Par un contraſte bizarre, & dont l’effet eſt toujours choquant, ces belles filles traînent à leur ſuite un muſicien difforme & d’un âge avancé, dont l’emploi eſt de battre la meſure avec un inſtrument de cuivre, que nous avons depuis peu emprunté des Turcs pour ajouter à notre muſique militaire, & qui aux Indes ſe nomme Tam. Celui qui le tient répète continuellement ce mot avec une telle vivacité, qu’il arrive par degrés à des convulſions affreuſes, tandis que les balliadères, échauffées par le déſir de plaire & par les odeurs dont elles ſont parfumées, finiſſent par être hors d’elles-mêmes.

Les danſes ſont preſque toutes des pantomimes d’amour. Le plan, le deſſein, les attitudes, les meſures, les ſons, & les cadences de ces ballets, tout reſpire cette paſſion, & en exprime les voluptés & les fureurs. Tout conſpire au prodigieux ſuccès de ces femmes voluptueuſes : l’art & la richeſſe de leur parure, l’adreſſe qu’elles ont à façonner leur beauté. Leurs longs cheveux nous, épars ſur leurs épaules ou relevés en treſſes, ſont chargés de diamans & parſemés de fleurs. Des pierres précieuſes enrichiffent leurs colliers & leurs braſſelets. Elles attachent même des bijoux à leurs narines ; & des voyageurs atteſtent que cette parure qui choque au premier coup-d’œil, eſt d’un agrément qui plaît & relève tous les autres ornemens, par le charme de la ſymmétrie, & d’un effet inexplicable, mais ſenſible avec le tems.

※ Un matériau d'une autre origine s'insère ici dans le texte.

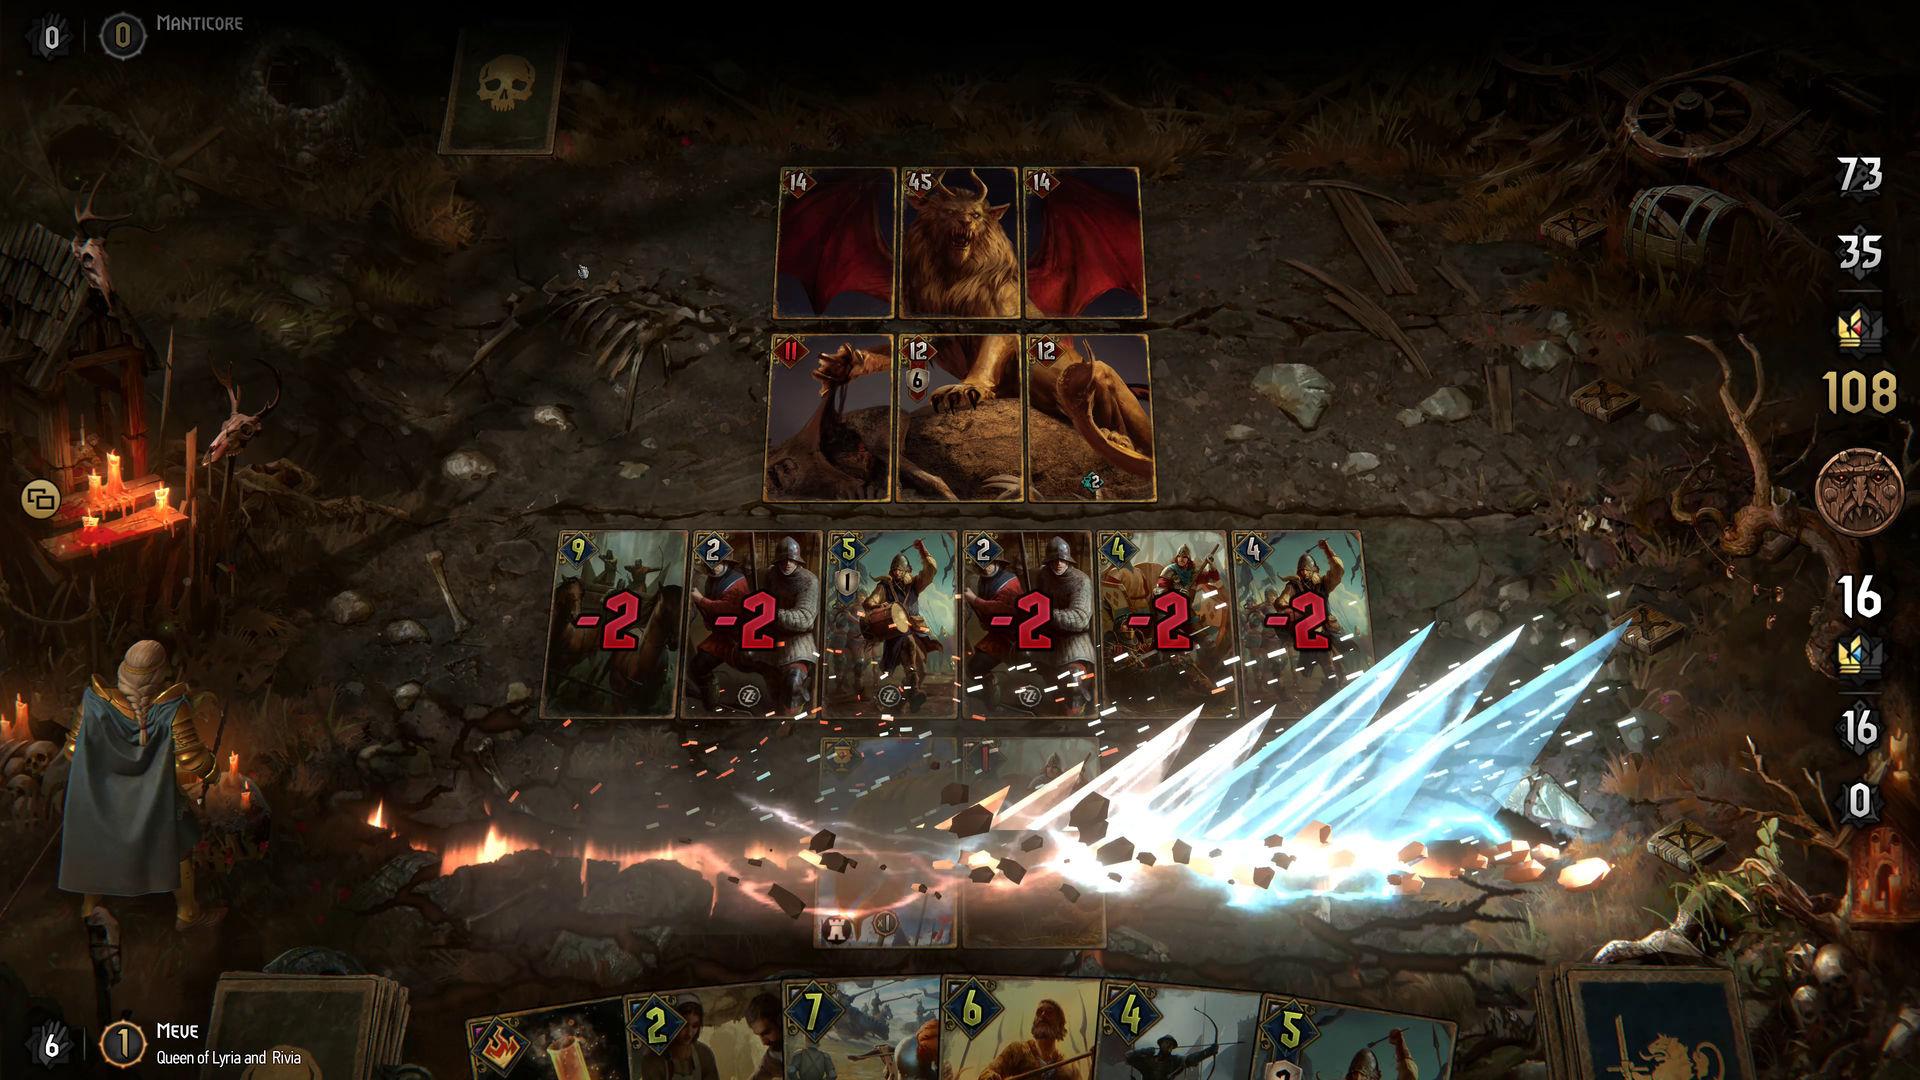 巫师之昆特牌:王权的陨落/Thronebreaker: The Witcher Tales插图

Rien n’égale ſur-tout leur attention à conſerver leur ſein, comme un des tréſors les plus précieux de leur beauté. Pour l’empêcher de groſſir ou de ſe déformer, elles l’enferment dans deux étuis d’un bois très-léger, joints enſemble & bouclés par derrière. Ces étuis ſont ſi polis & ſi ſouples, qu’ils ſe prêtent à tous les mouvemens du corps, ſans aplatir, ſans offenſer le tiſſu délicat de la peau. Le dehors de ces étuis eſt revêtu d’une feuille d’or parſemée de brillans. C’eſt-là, ſans contredit, la parure la plus recherchée, la plus chère a la beauté. On la quitte, on, la reprend avec une légèreté ſingulière. Ce voile qui couvre le ſein, n’en cache point les palpitations, les ſoupirs, les molles ondulations ; il n’ôte rien à la volupté.

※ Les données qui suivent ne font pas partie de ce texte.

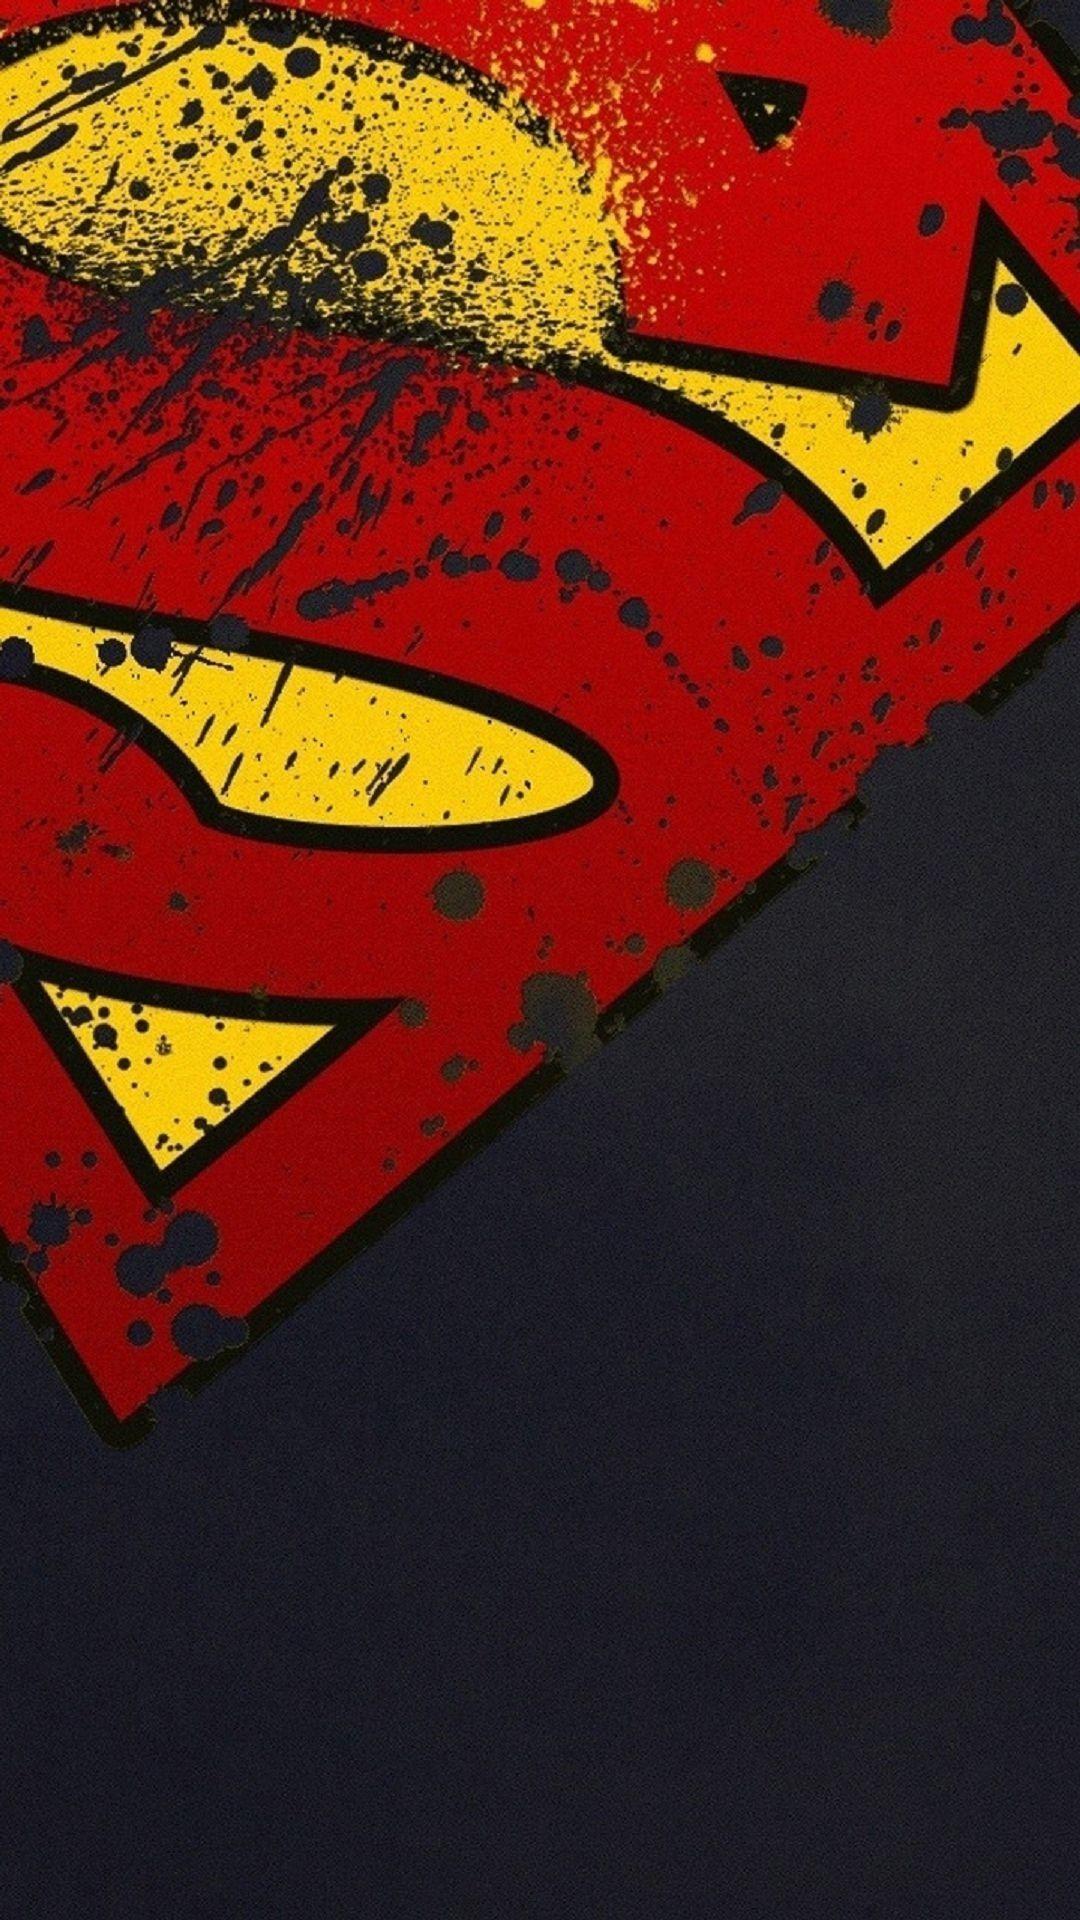 Superman Iphone Wallpapers Wallpaper Cave

La plupart de ces danſeuſes croient ajouter à l’éclat de leur teint, à l’impreſſion de leurs regards, en formant autour de leurs yeux un cercle noir, qu’elles tracent avec une aiguille de tête teinte d’une poudre d’antimoine. Cette beauté d’emprunt, relevée par tous les poëtes Orientaux, après avoir paru bizarre aux Européens, qui n’y étoient pas accoutumés, a fini par leur être agréable.

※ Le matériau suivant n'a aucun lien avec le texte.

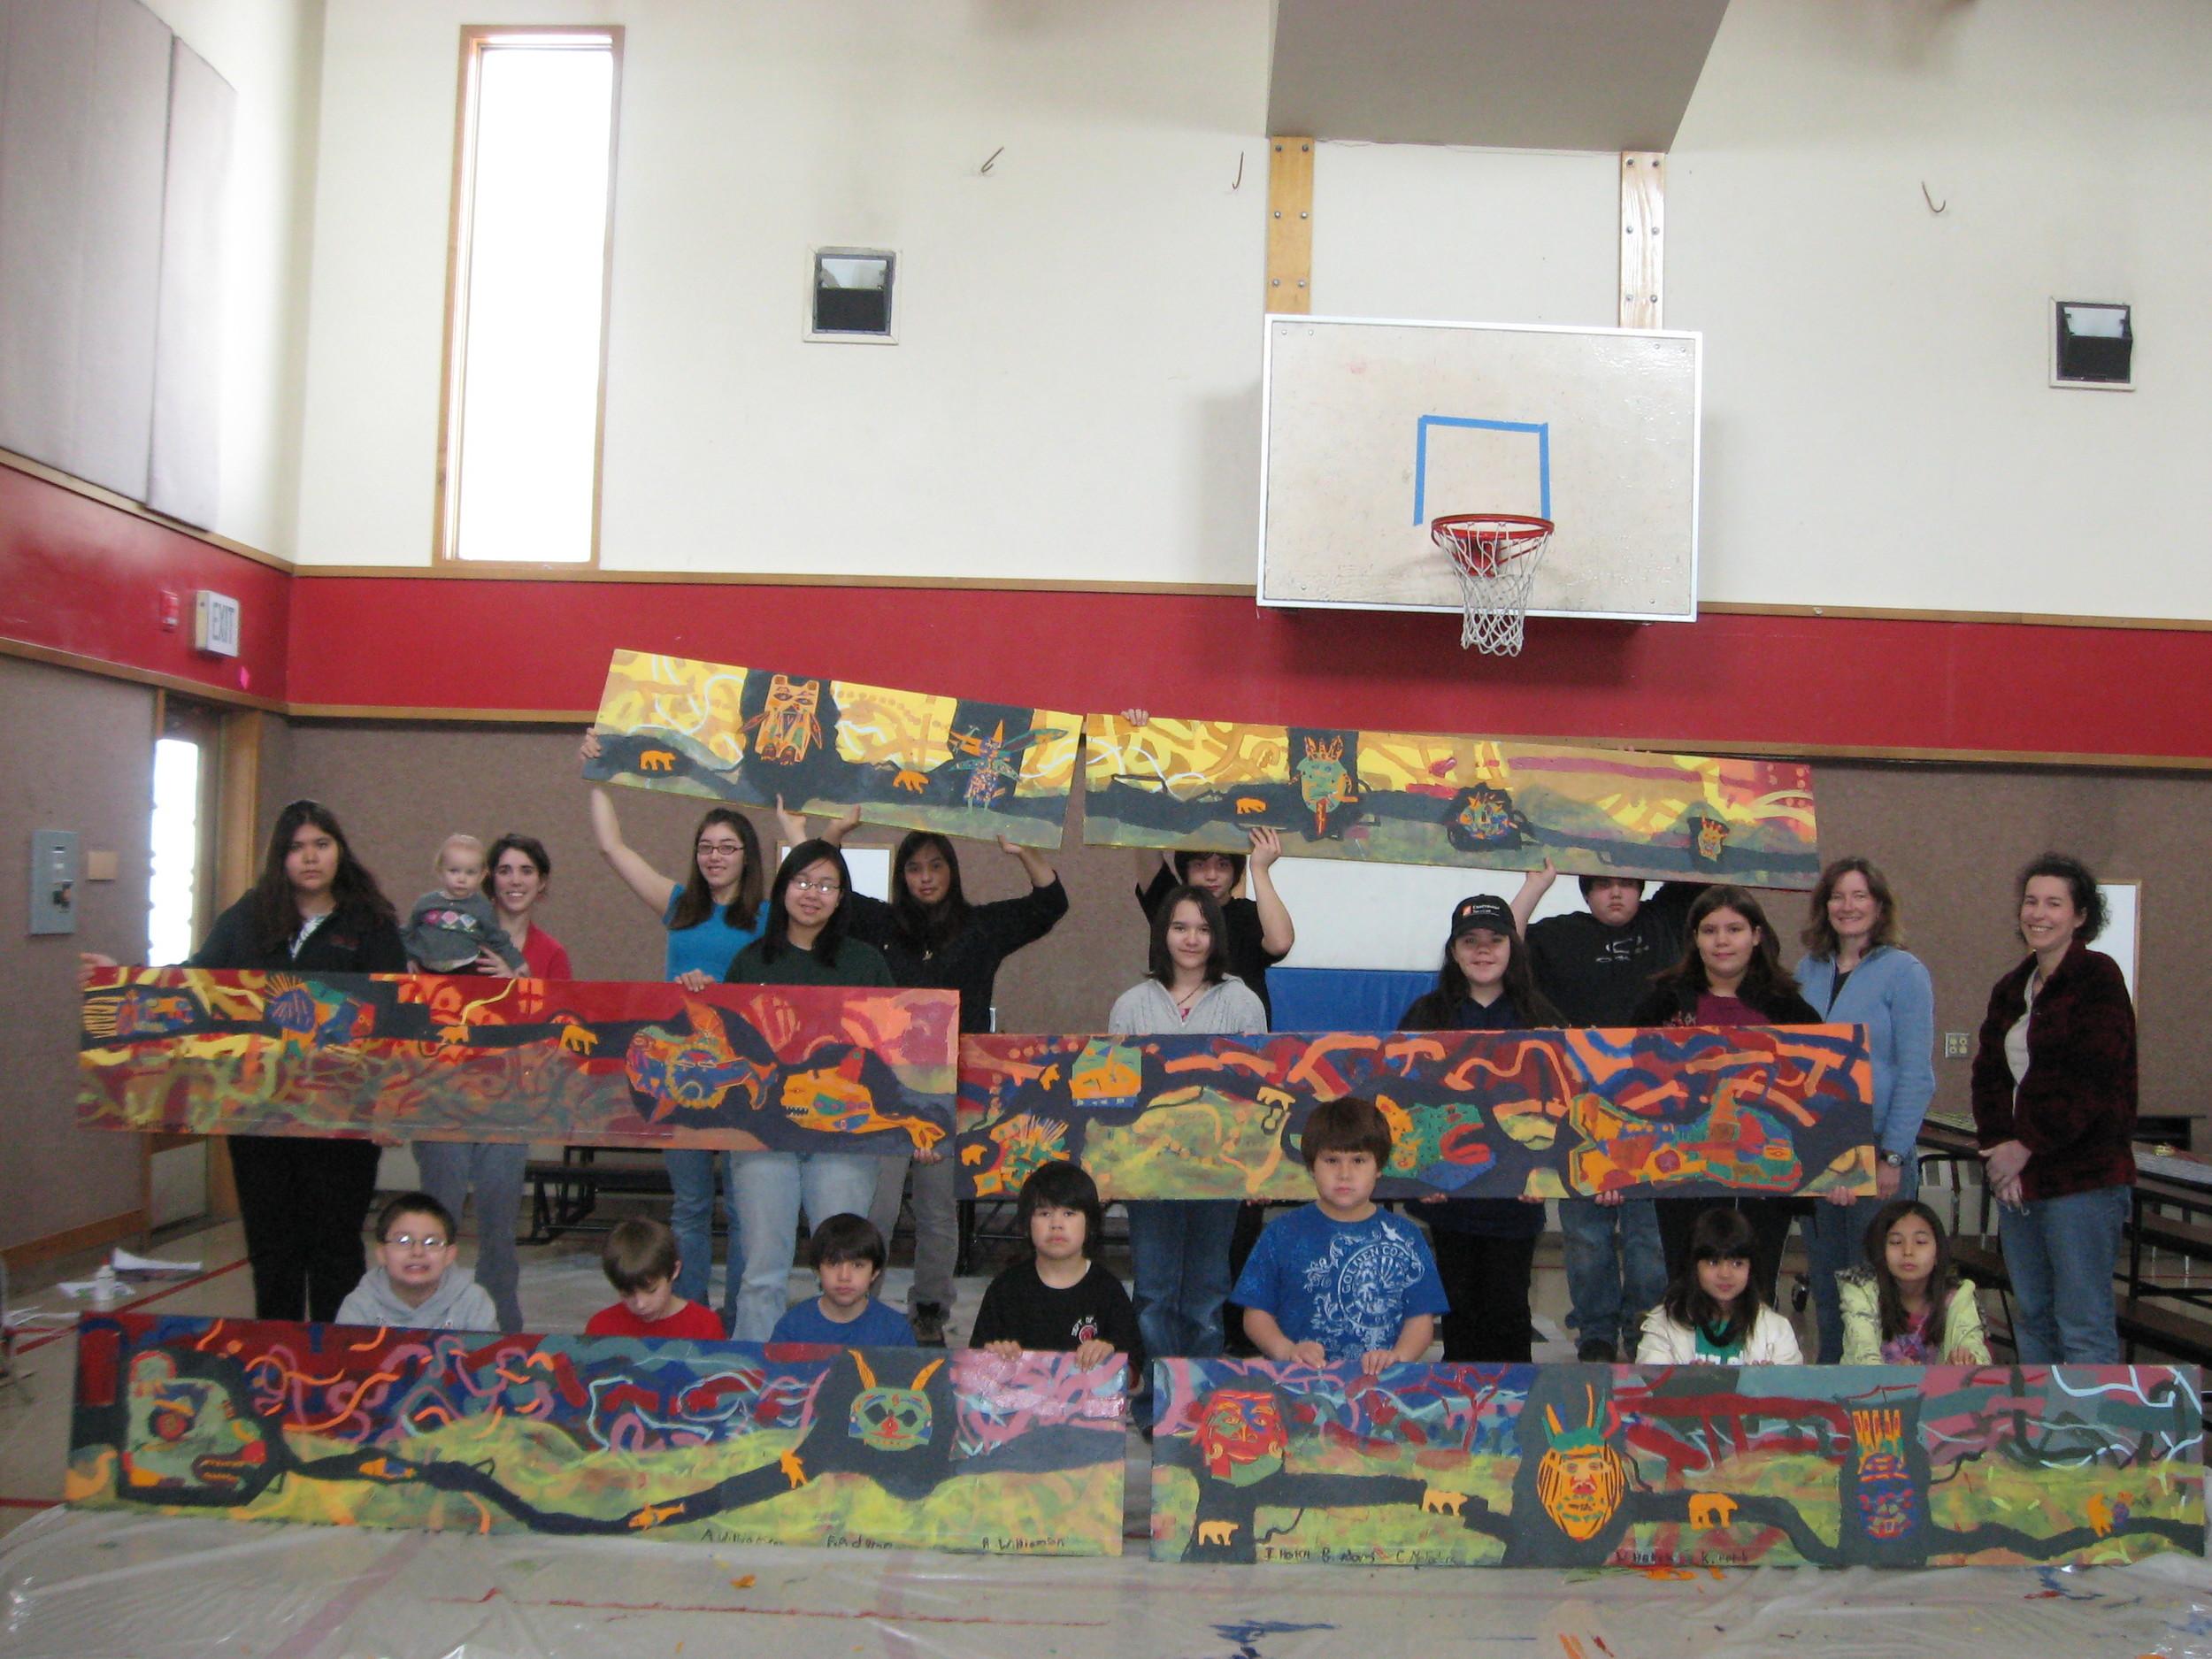 school pics 2008 202.jpg

Cet art de plaire eſt toute la vie, toute l’occupation, tout le bonheur des balliadères. On réſiſte difficilement à leur séduction. Elles obtiennent même la préférence ſur ces belles Cachemiriennes, qui rempliſſent les sérails de l’Indoſtan, comme les Géorgiennes & les Circaſſiennes peuplent ceux d’Iſpahan & de Conſtantinople. La modeſtie, ou plutôt la réſerve naturelle à de ſuperbes eſclaves séqueſtrées de la ſociété des hommes, ne peut balancer les preſtiges de ces courtiſanes exercées.